Most market seers say one of Greenspan’s goals is to deliver a neutral monetary policy to whoever replaces him when his term ends Jan. 31. That probably means a bit more tightening after the June meeting, not less, said Jack Caffrey, equities strategist at J.P. Morgan Private Bank in New York. It’s just one of many factors Greenspan will weigh as he navigates this period.
“You don’t want to let inflation get out of the bag … hence, making sure we keep a measured pace of reduction in the accommodative monetary policy. Alternatively, you don’t want to overtighten and get blamed for the next recession,” Caffrey said. “As much as you think after 18 years that you know what you’re doing, in some sense, from a legacy perspective, the stakes are a bit higher now.

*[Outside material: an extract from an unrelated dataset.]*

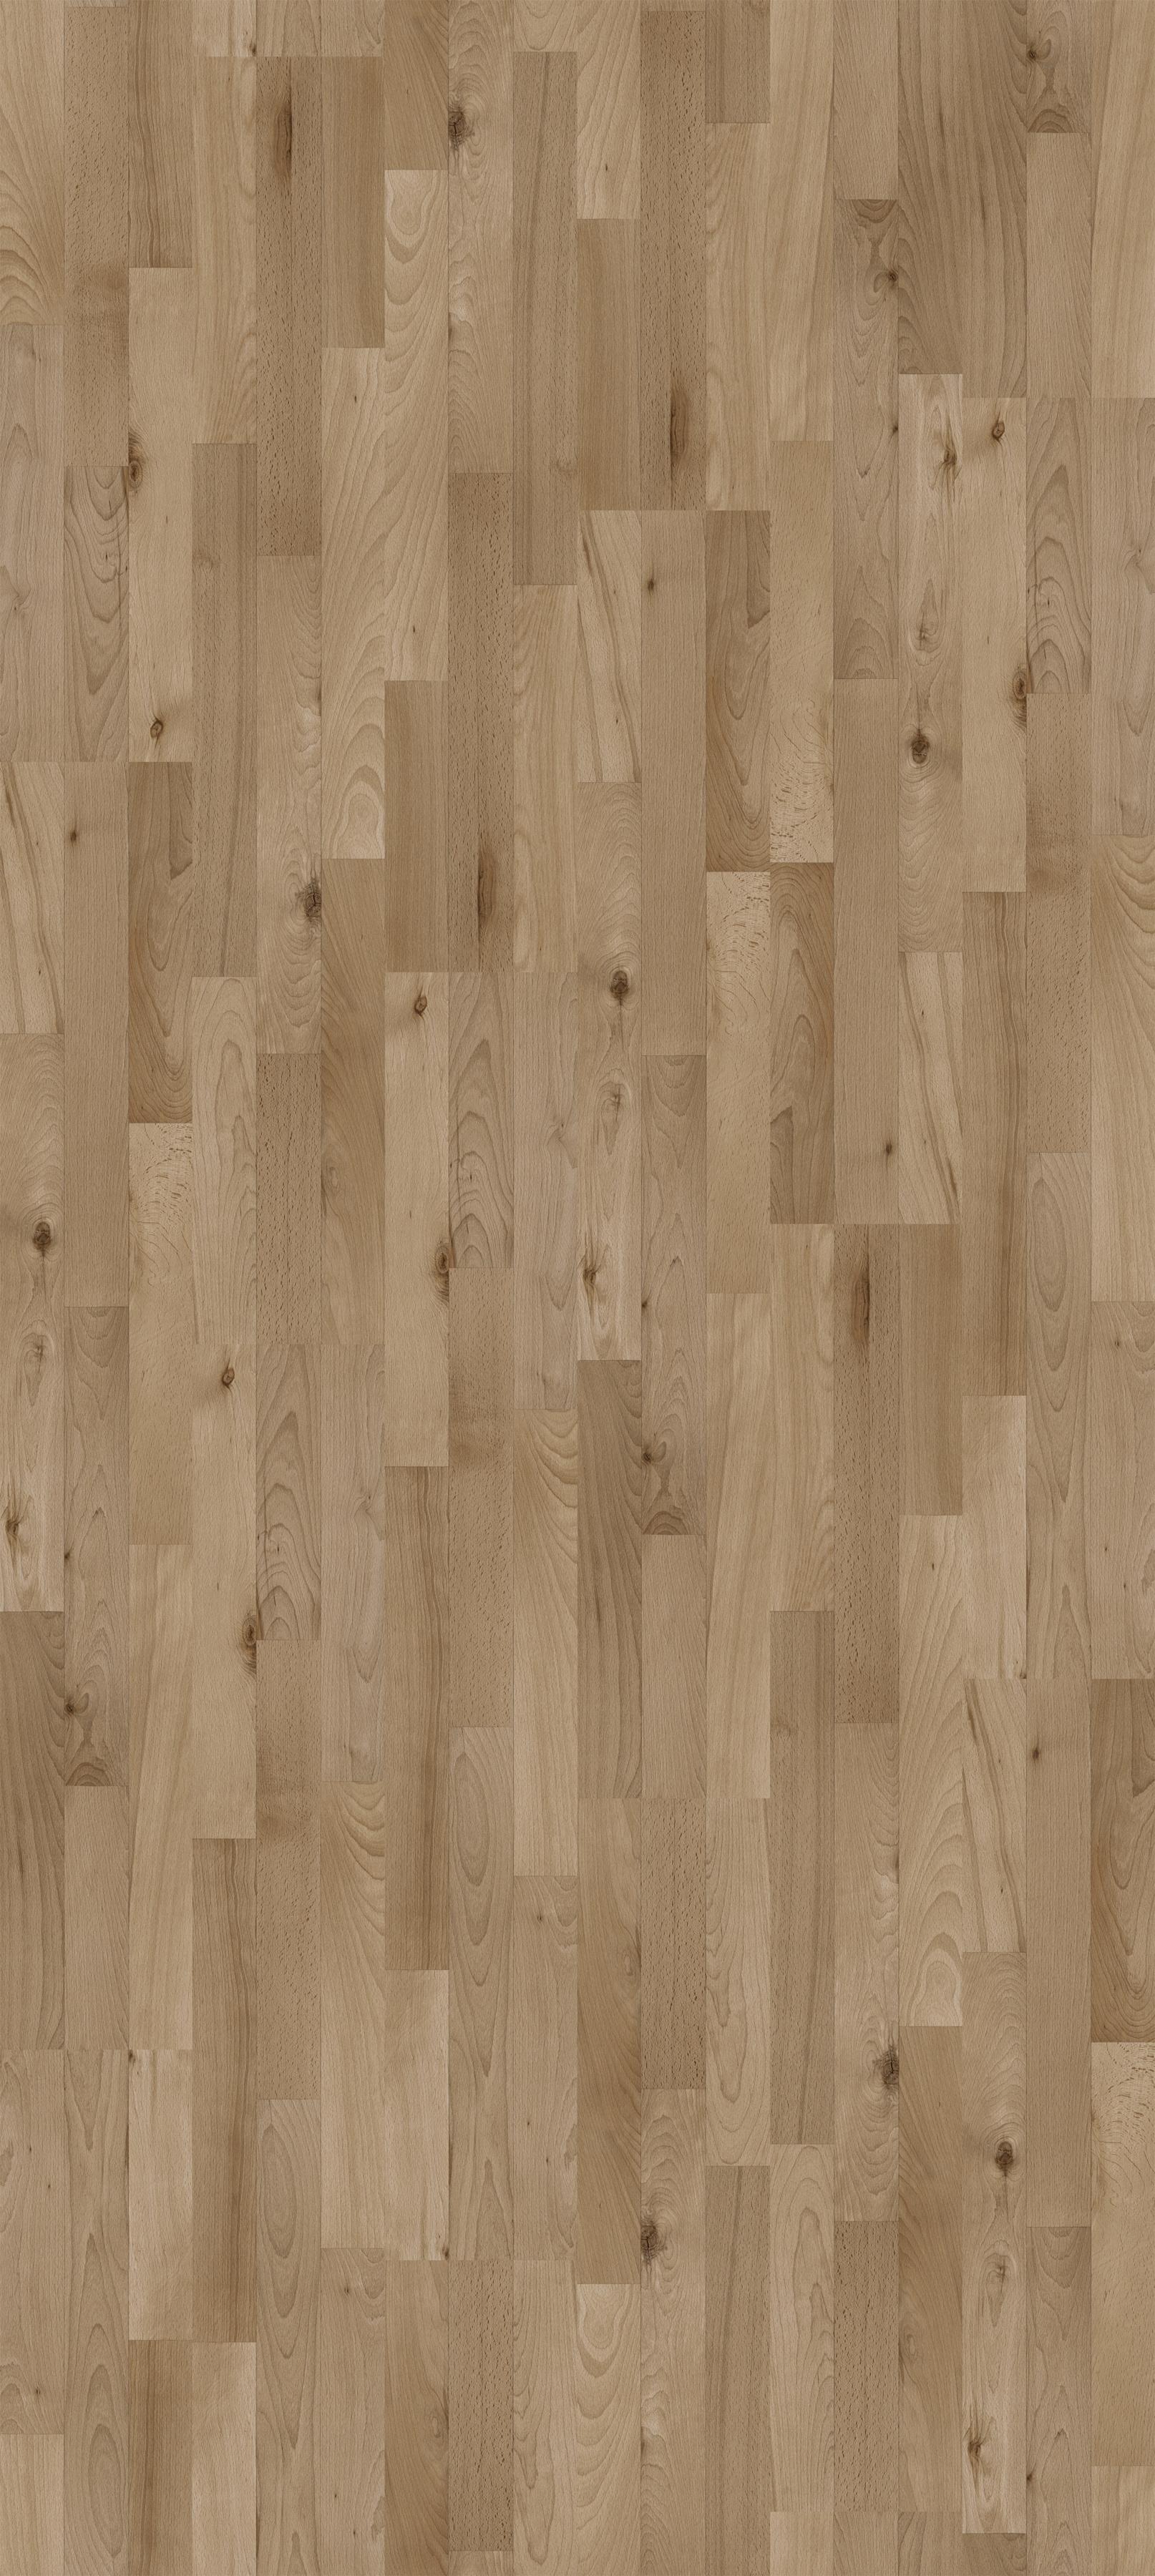 laminat click 39 in buche ged mpft seidenmatte struktur. Black Bedroom Furniture Sets. Home Design Ideas

“There will be no more chance for a comeback after February of 2006.”
Before a new chairman is chosen, Greenspan must tackle an intimidating to-do list, said Peter Morici, a professor at the Robert H. Smith School of Business at the University of Maryland.

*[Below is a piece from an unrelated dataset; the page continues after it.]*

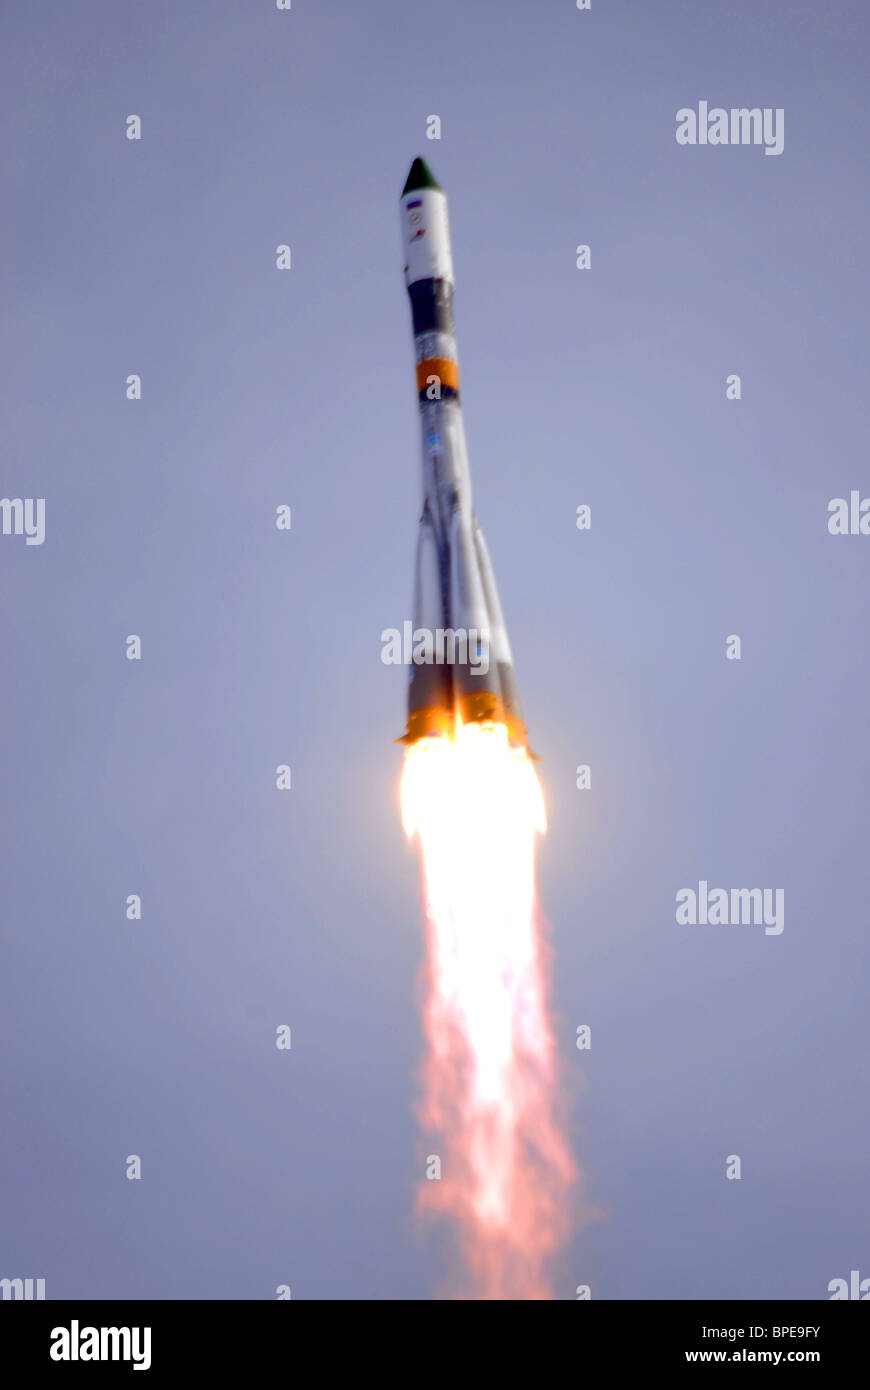 Soyuz-U booster rocket with Progress M-62 cargo spaceship blasts off from Baikonur Cosmodrome - Stock Image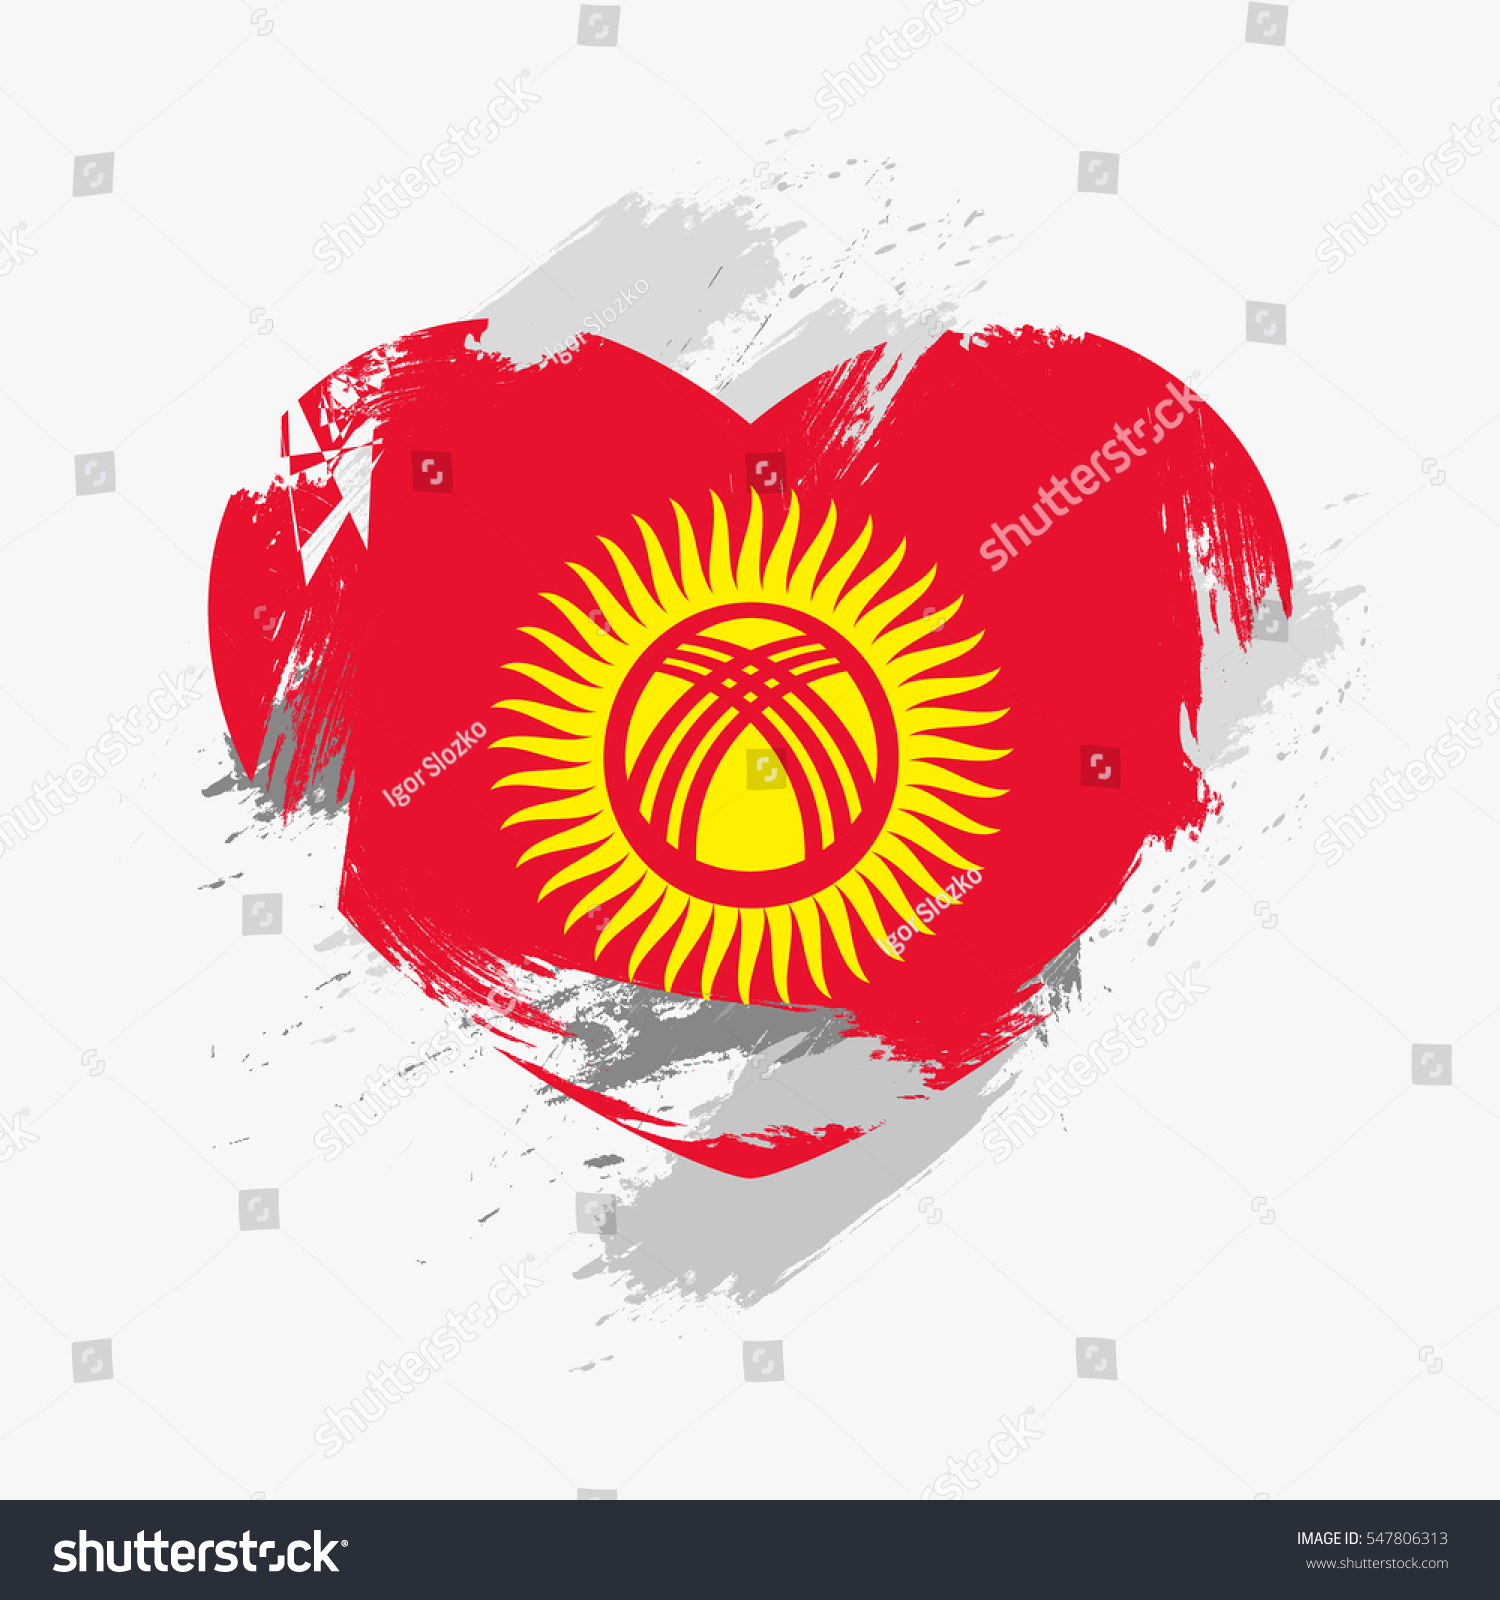 Kyrgyzstan grunge flag photo

Among other things, he probably would like to engineer a reacceleration in growth that doesn’t rely so much on consumer spending and borrowing from overseas.
That means rekindling domestic business investment, which could go a long way toward boosting overall growth in productivity, Morici said.

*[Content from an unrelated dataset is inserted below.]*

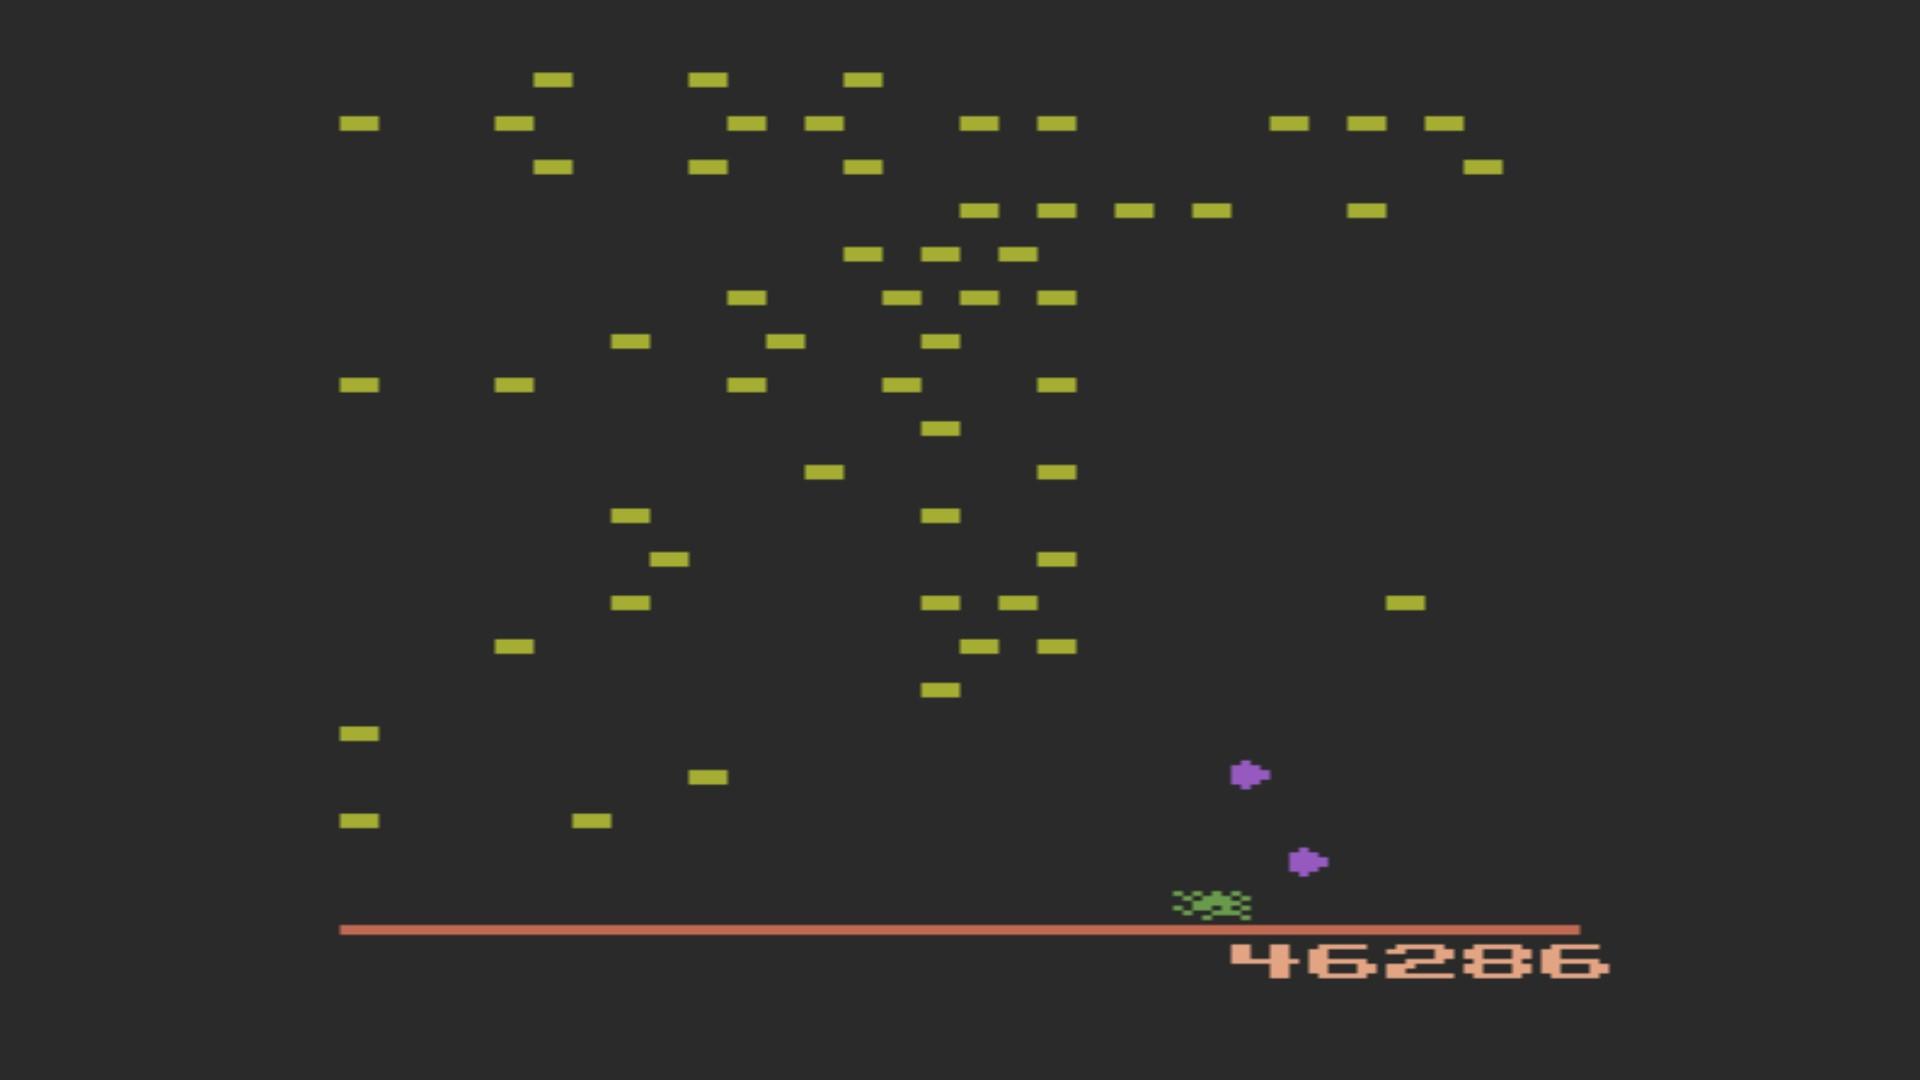 AkinNahtanoj: Centipede (Atari 2600 Emulated) 46,286 points on 2020-12-28 06:23:31

Greenspan is also looking to get short-term interest rates up to a level that will make monetary policy a useful tool for his successor; rates need to be high enough that lowering them will be a viable option when recession next threatens.
It also would be nice to leave his successor with an environment where the United States isn’t overly dependent on foreign debt to fuel consumer spending and power growth.
“It’s a matter of restoring balance in the economy, getting the dollar where it belongs, getting interest rates where they belong, relying less on consumer spending and restoring business confidence so businesses are willing to invest and productivity can grow,” Morici said. “Not all of this is within his power.
“Treasury is responsible for currency. But it would be optimal, after such a long and successful tenure, to not bequeath his successor with significant imbalances in the economy that constrain their ability to further manage the recovery.”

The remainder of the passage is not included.